*PROMPT*.
In the records below, find the line with "办公室小野吃土大作战,1盆土做出4道菜,吃土也有仪式感!", then copy each line exactly until you have copied the line with "中島でのみかんお仕事応援プロジェクト◆説明会". Leave any picture out.

*MATERIAL FOR THE TASK*.
====================
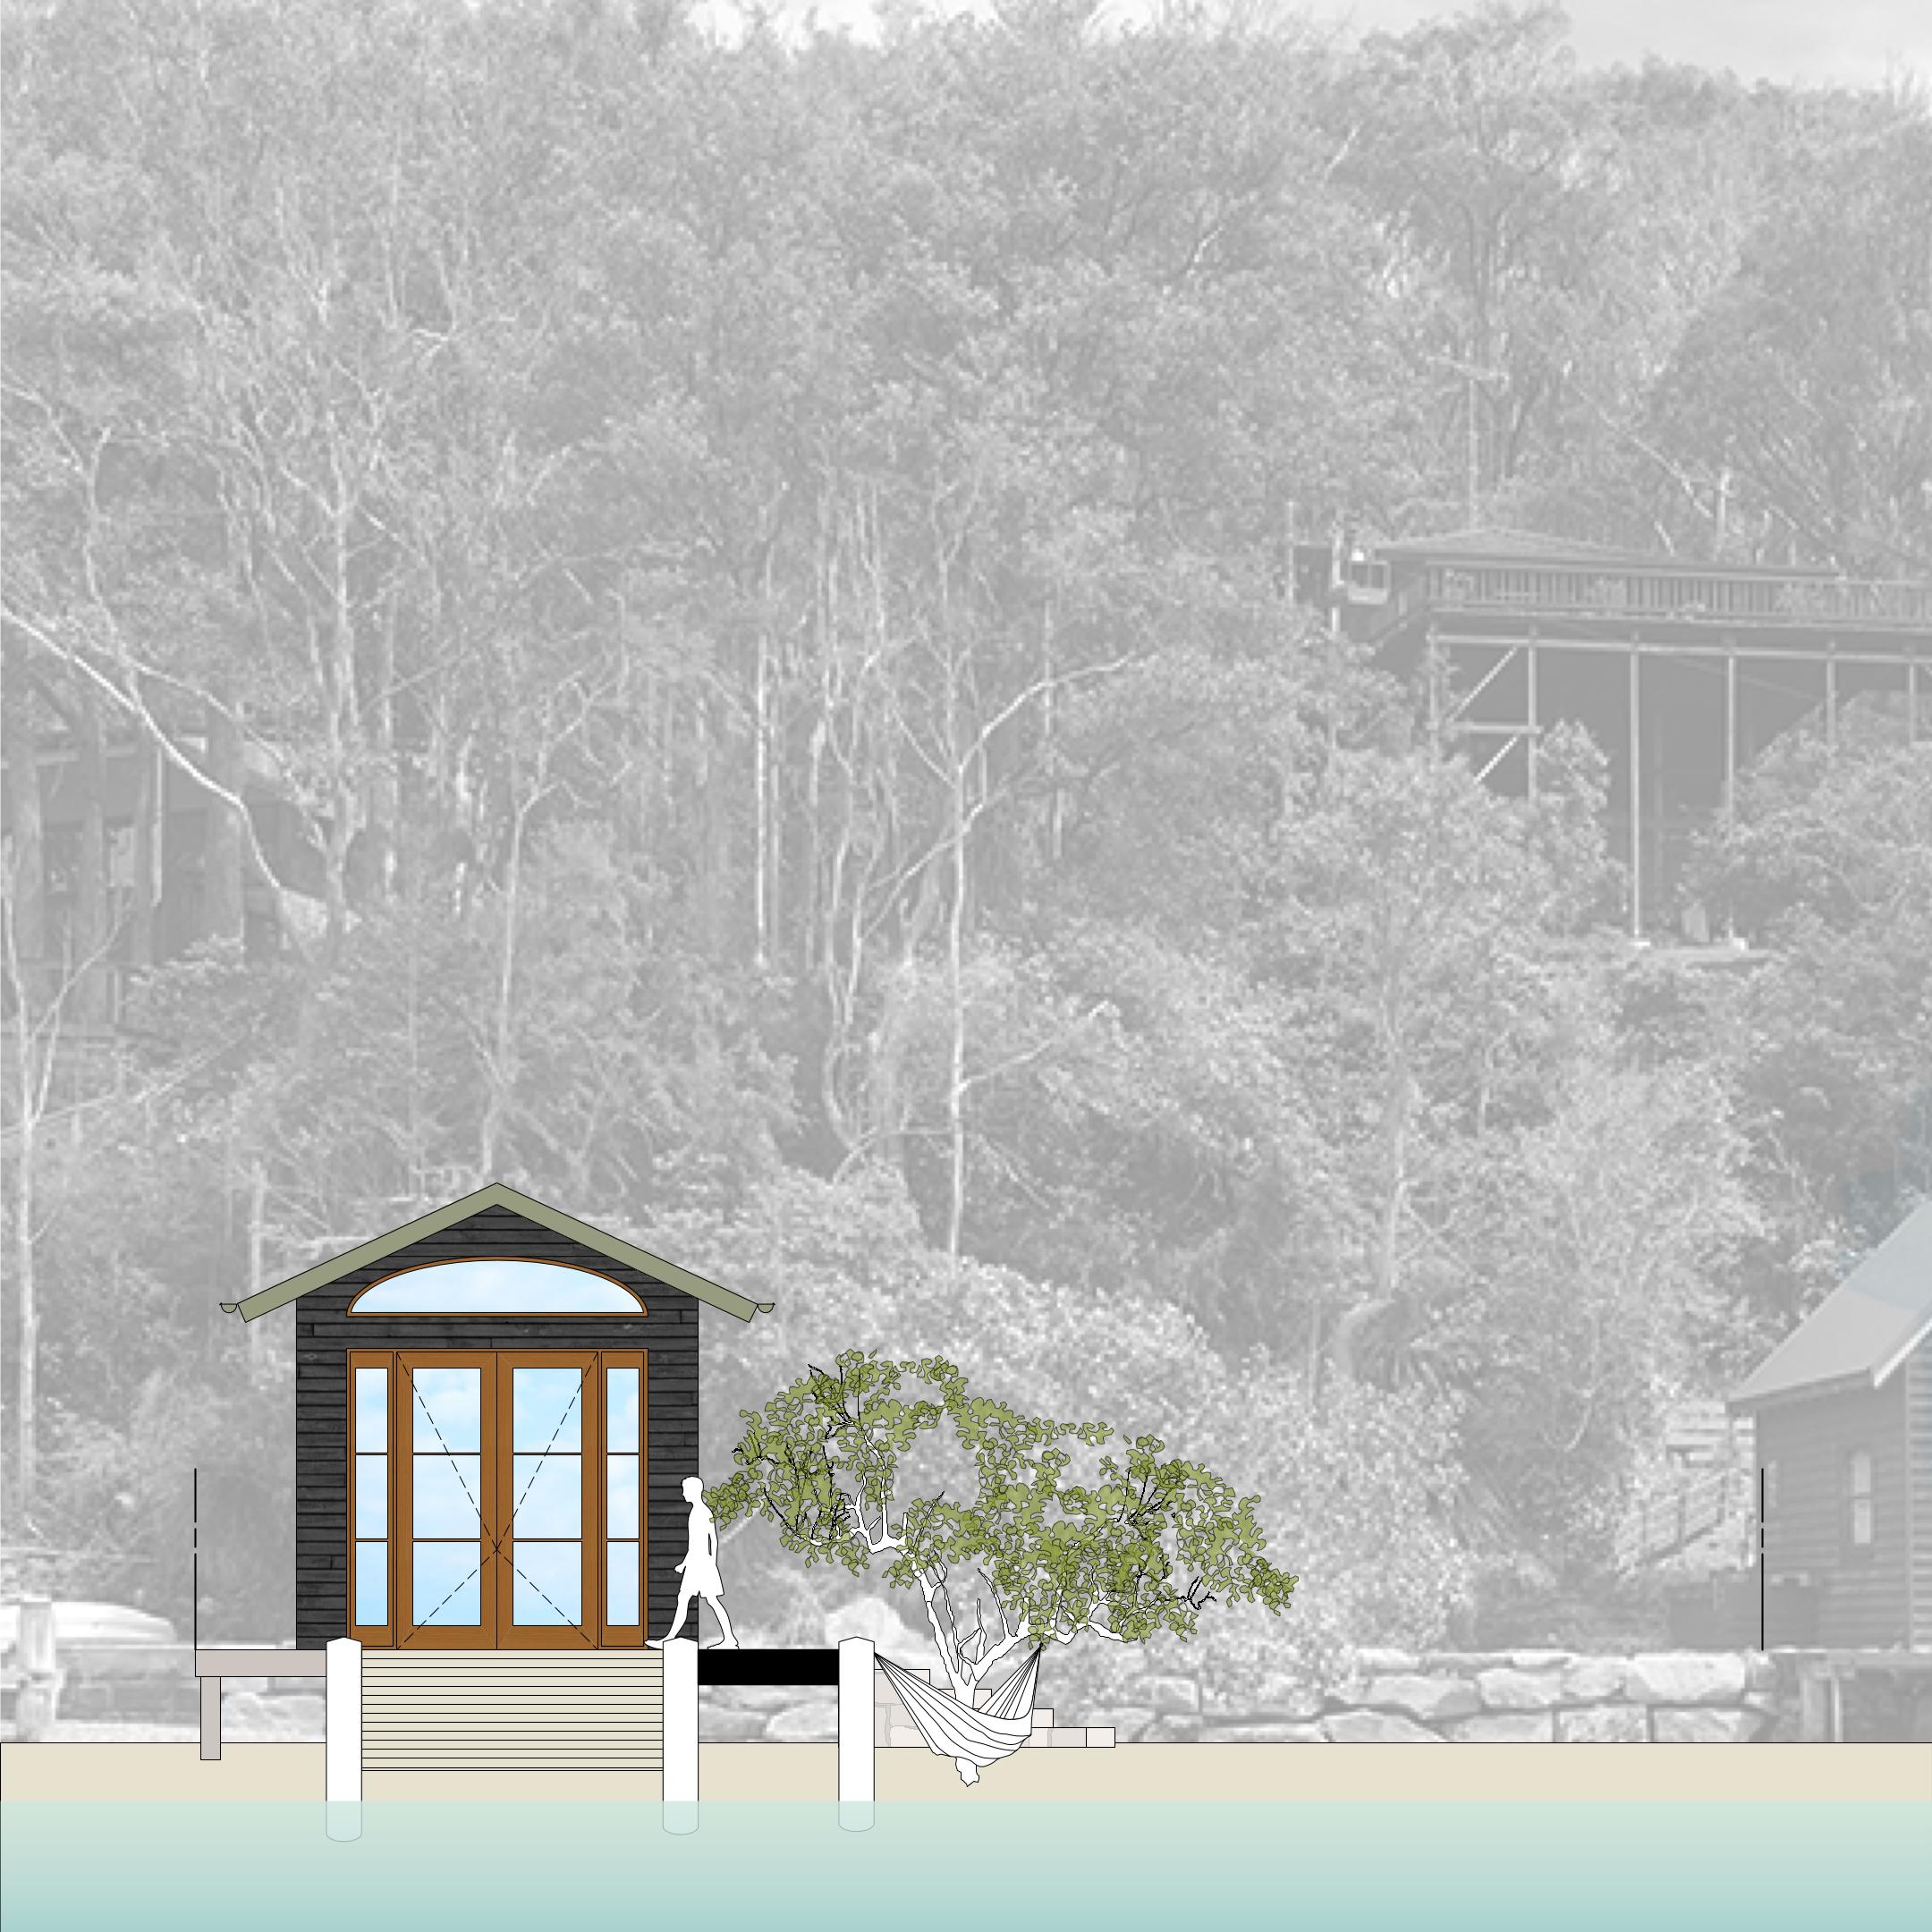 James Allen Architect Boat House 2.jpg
====================
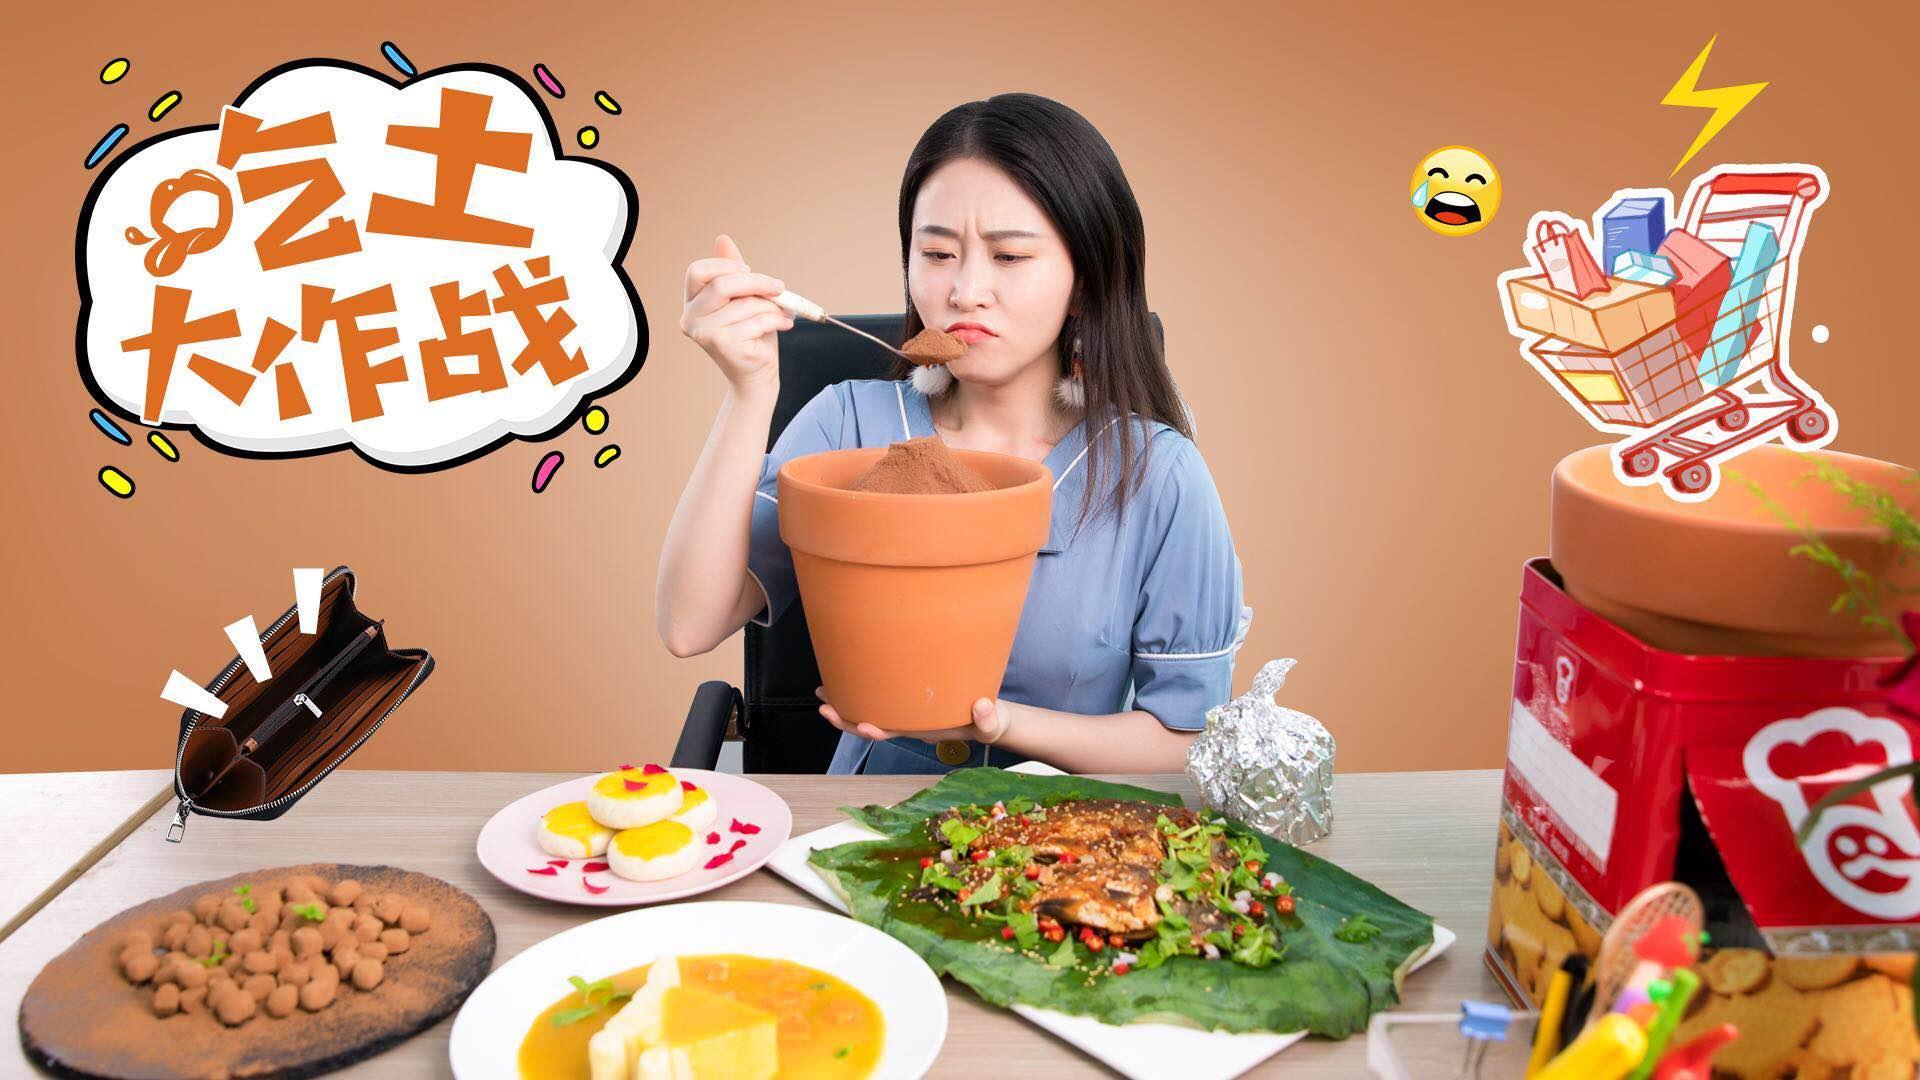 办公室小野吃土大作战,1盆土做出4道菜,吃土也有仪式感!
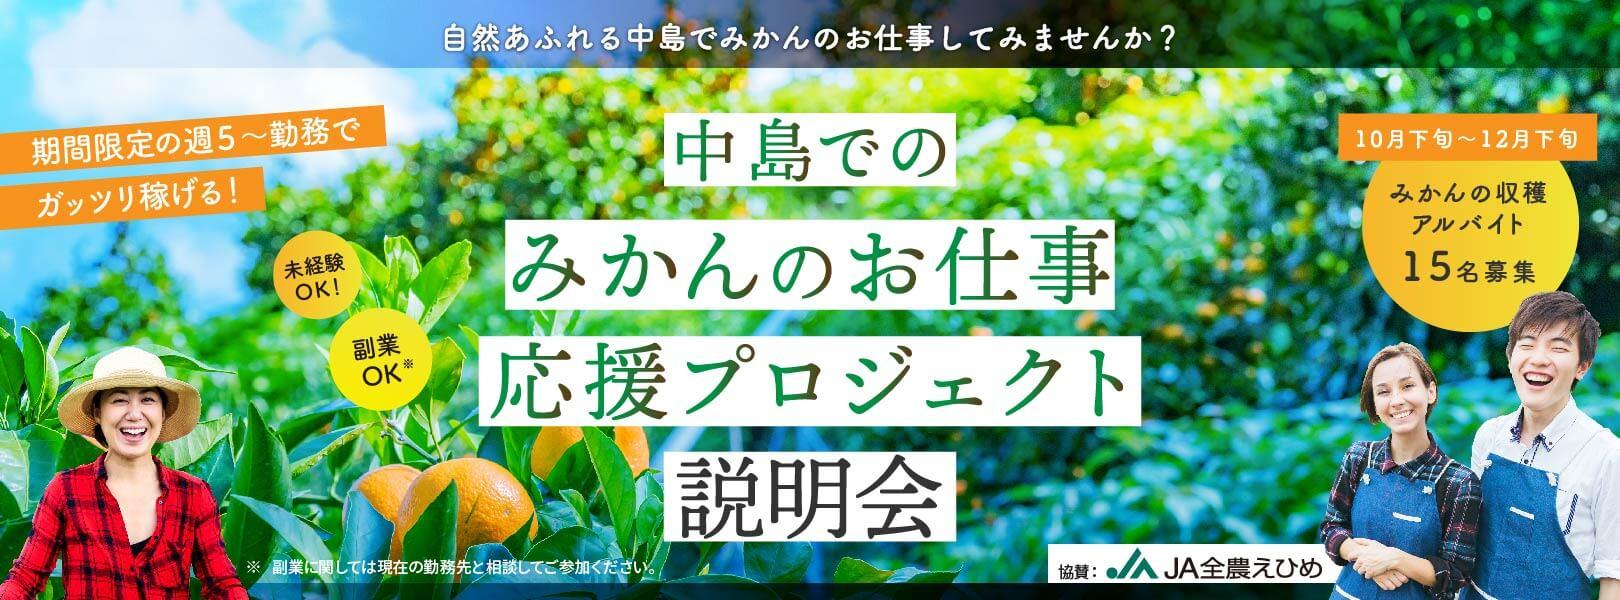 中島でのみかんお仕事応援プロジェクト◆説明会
====================
*ANSWER BOX*.
 办公室小野吃土大作战,1盆土做出4道菜,吃土也有仪式感!
 中島でのみかんお仕事応援プロジェクト◆説明会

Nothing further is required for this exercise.